_Provided material:_

++++

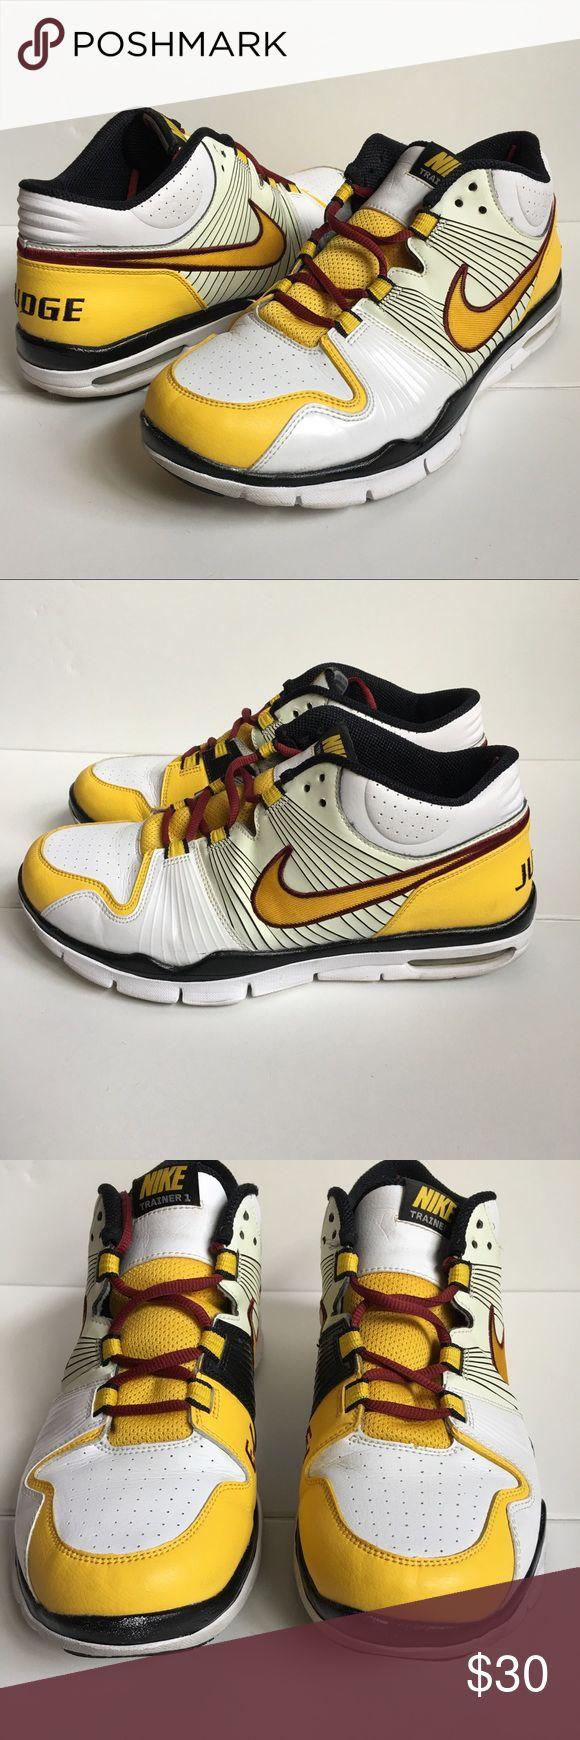 "Nike Trainer 1 ID ""Judge"" men's size 11 Nike Trainer 1 ID ""Judge"" men's size 11 Shoes Athletic Shoes"
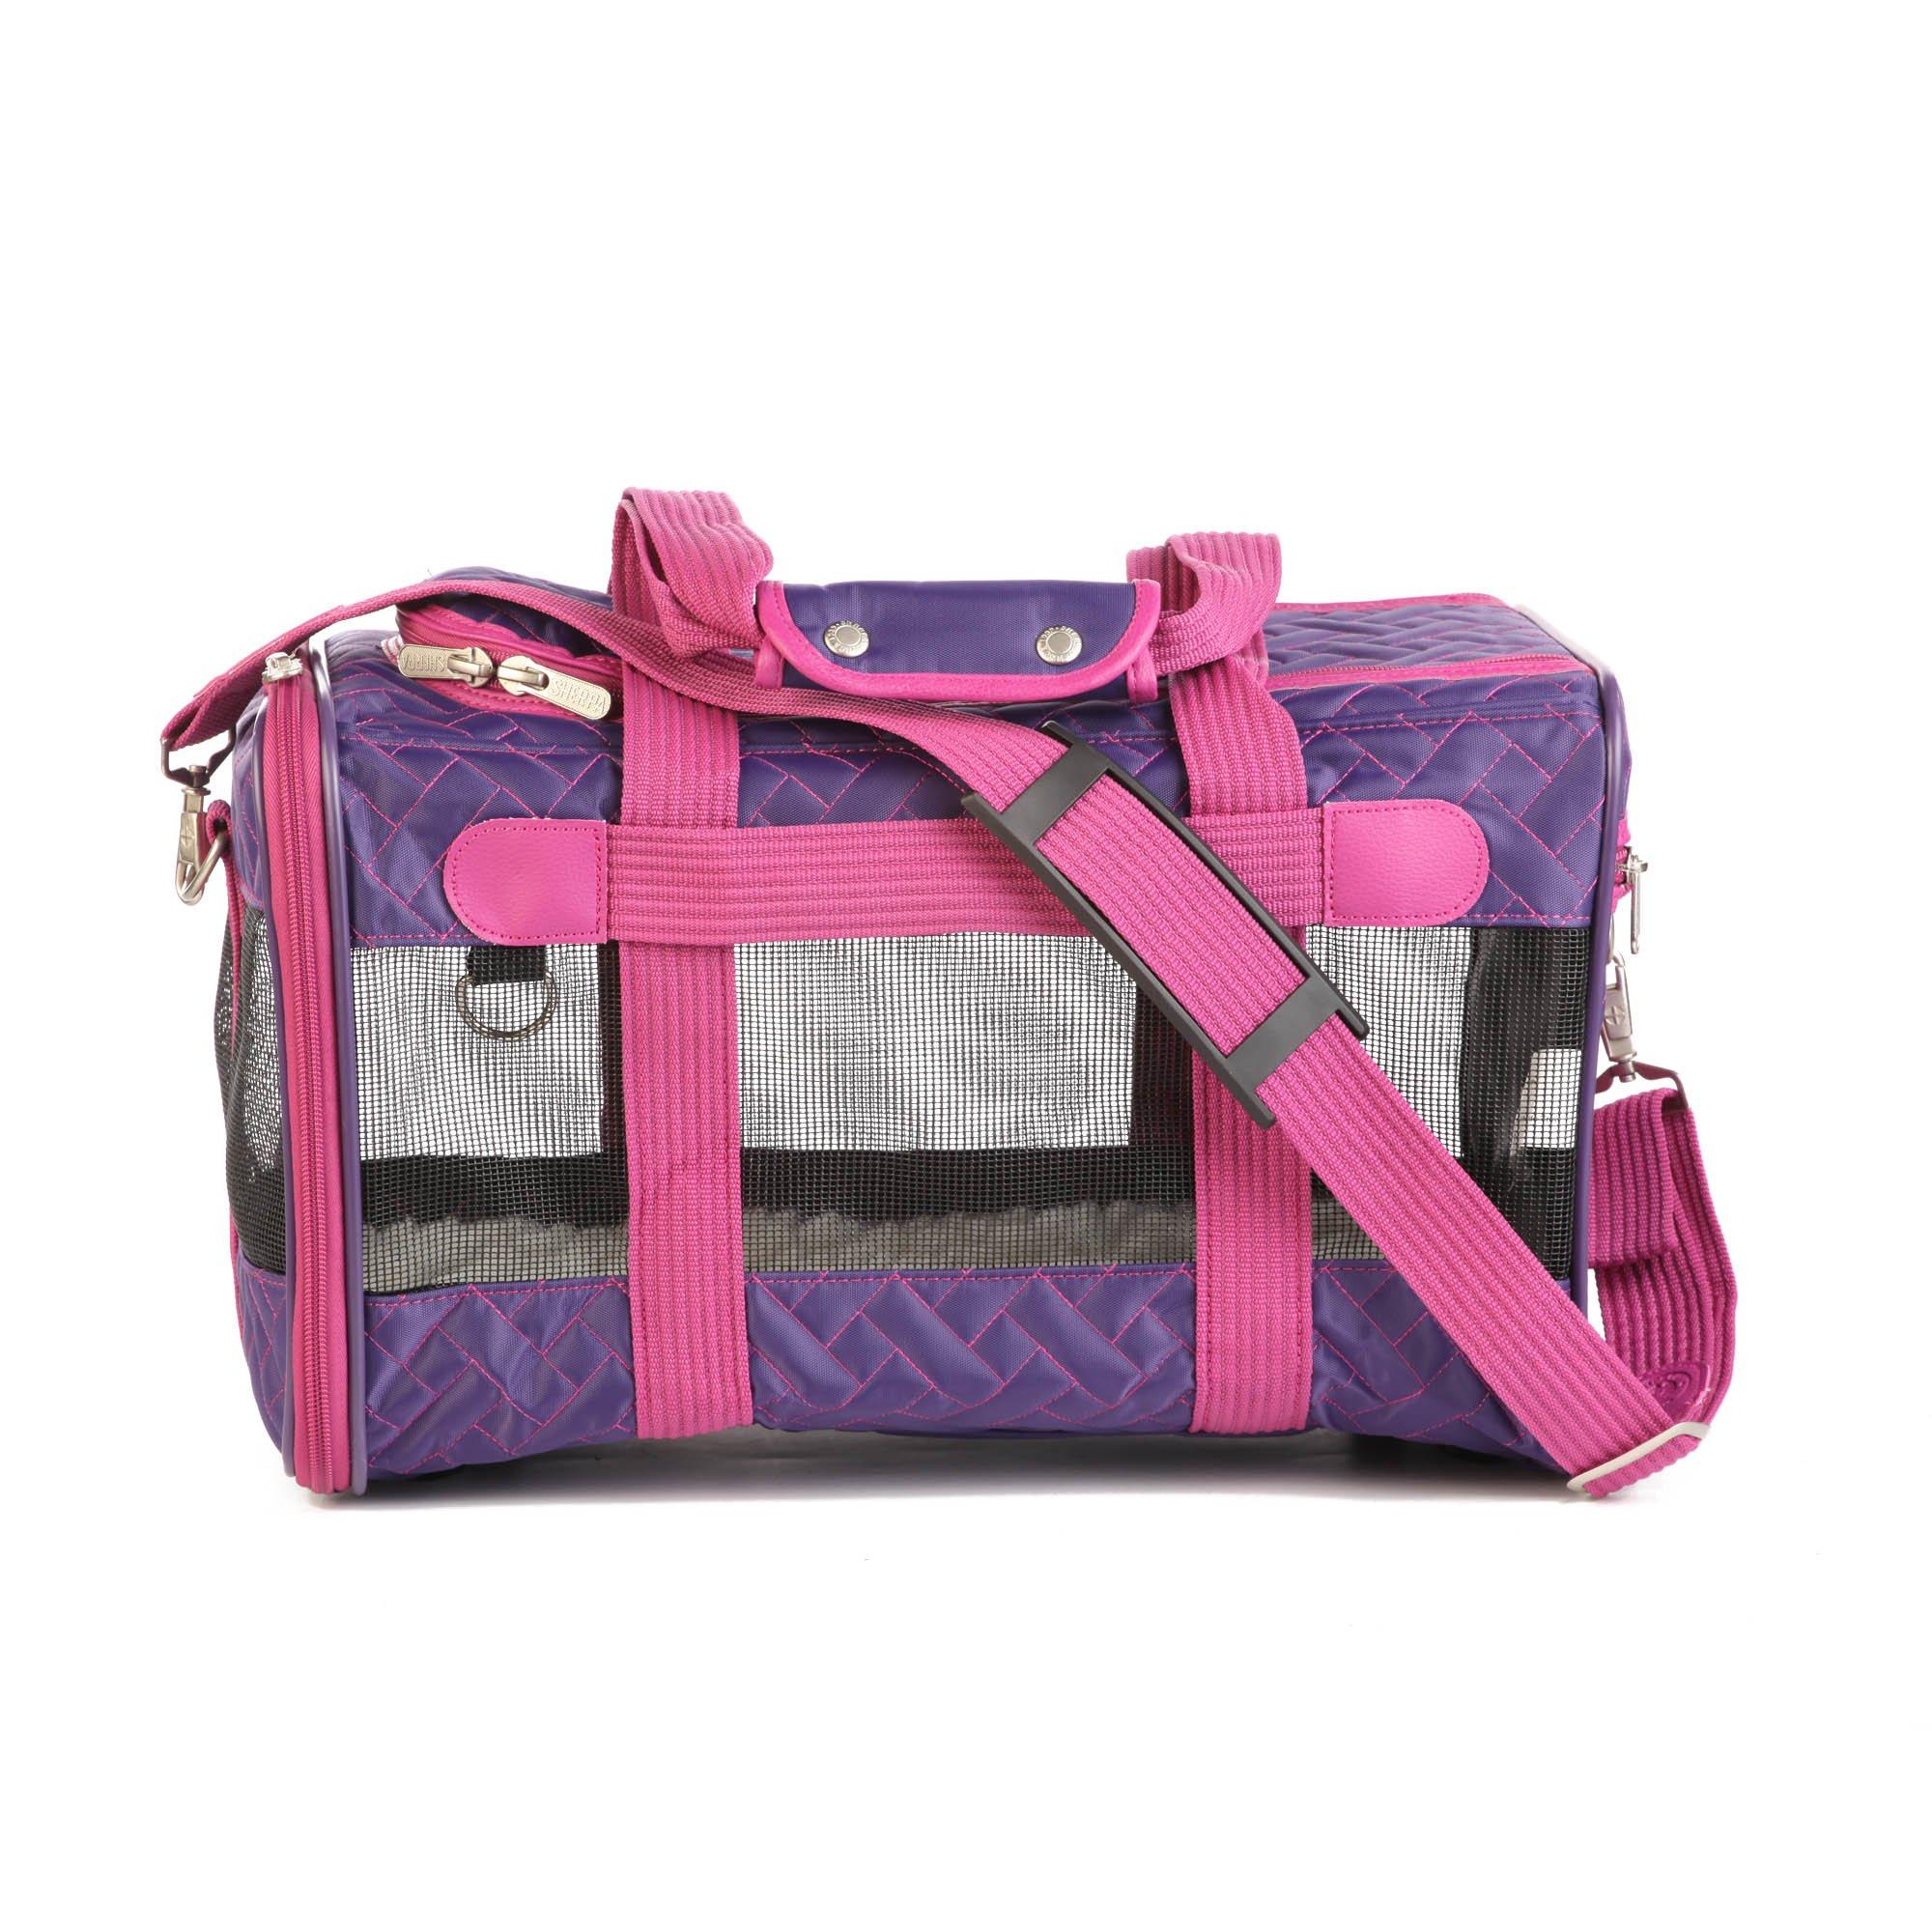 Sherpa Original Purple & Pink Dog Carrier
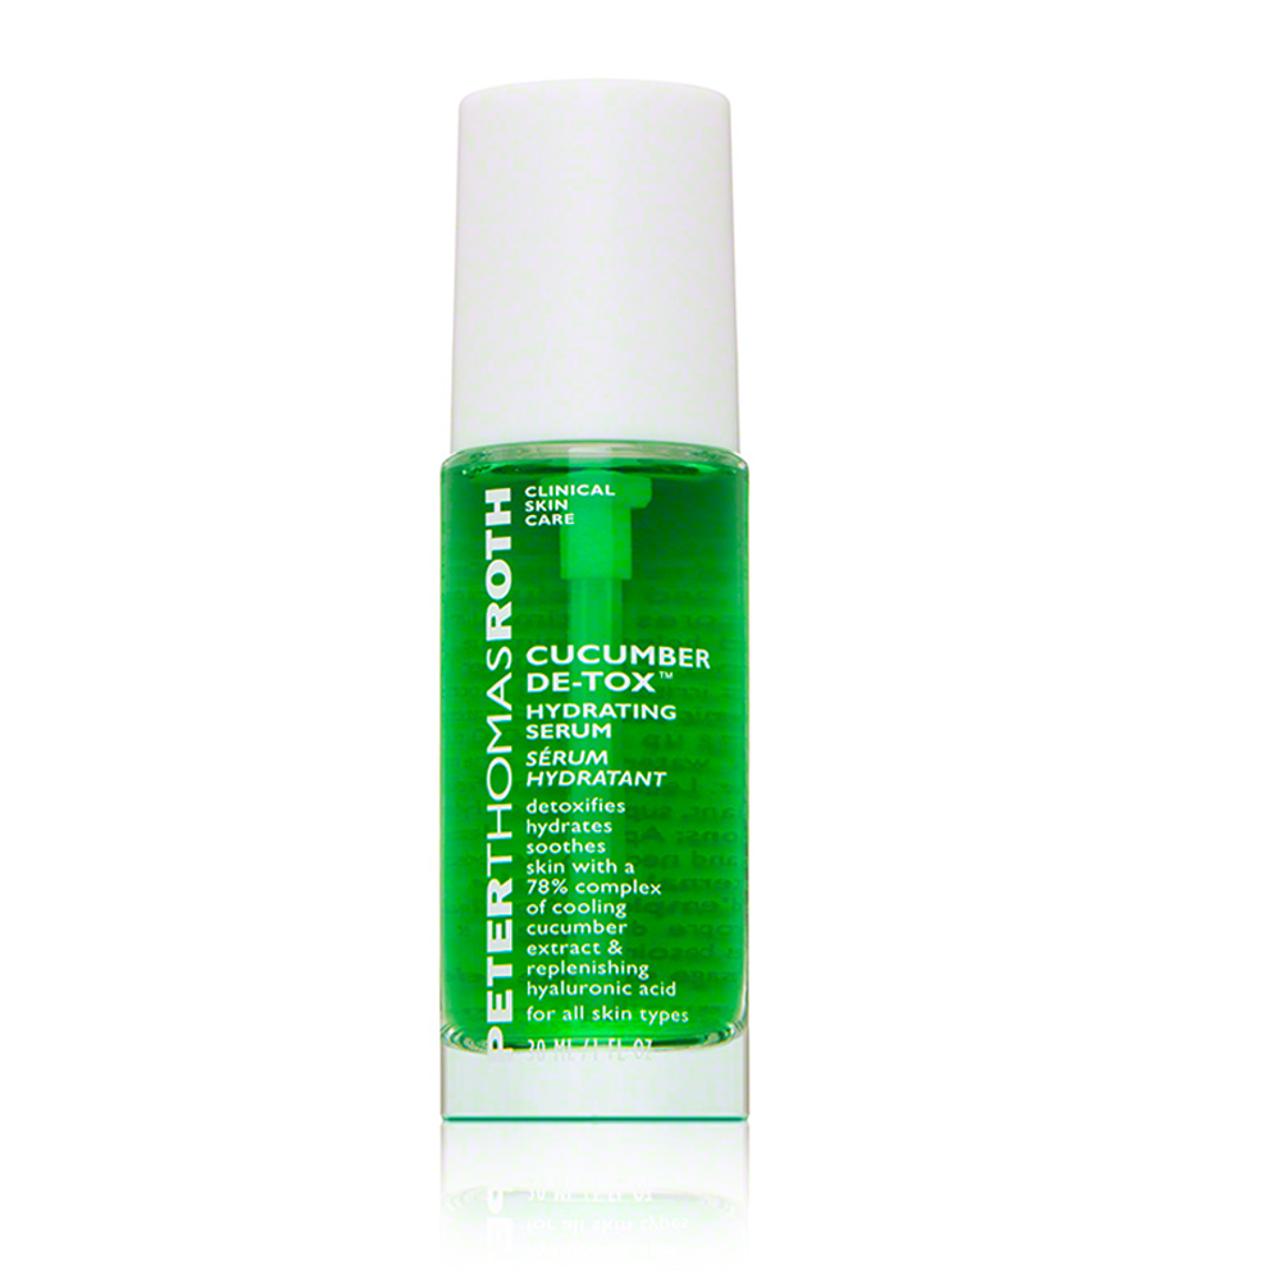 Peter Thomas Roth Cucumber De-Tox Hydrating Serum BeautifiedYou.com

++++

_What is required:_ Without changing a word, retype the data above and omit its pictures.

_Written answer:_
 "Nike Trainer 1 ID ""Judge"" men's size 11 Nike Trainer 1 ID ""Judge"" men's size 11 Shoes Athletic Shoes"
 Sherpa Original Purple & Pink Dog Carrier
 Peter Thomas Roth Cucumber De-Tox Hydrating Serum BeautifiedYou.com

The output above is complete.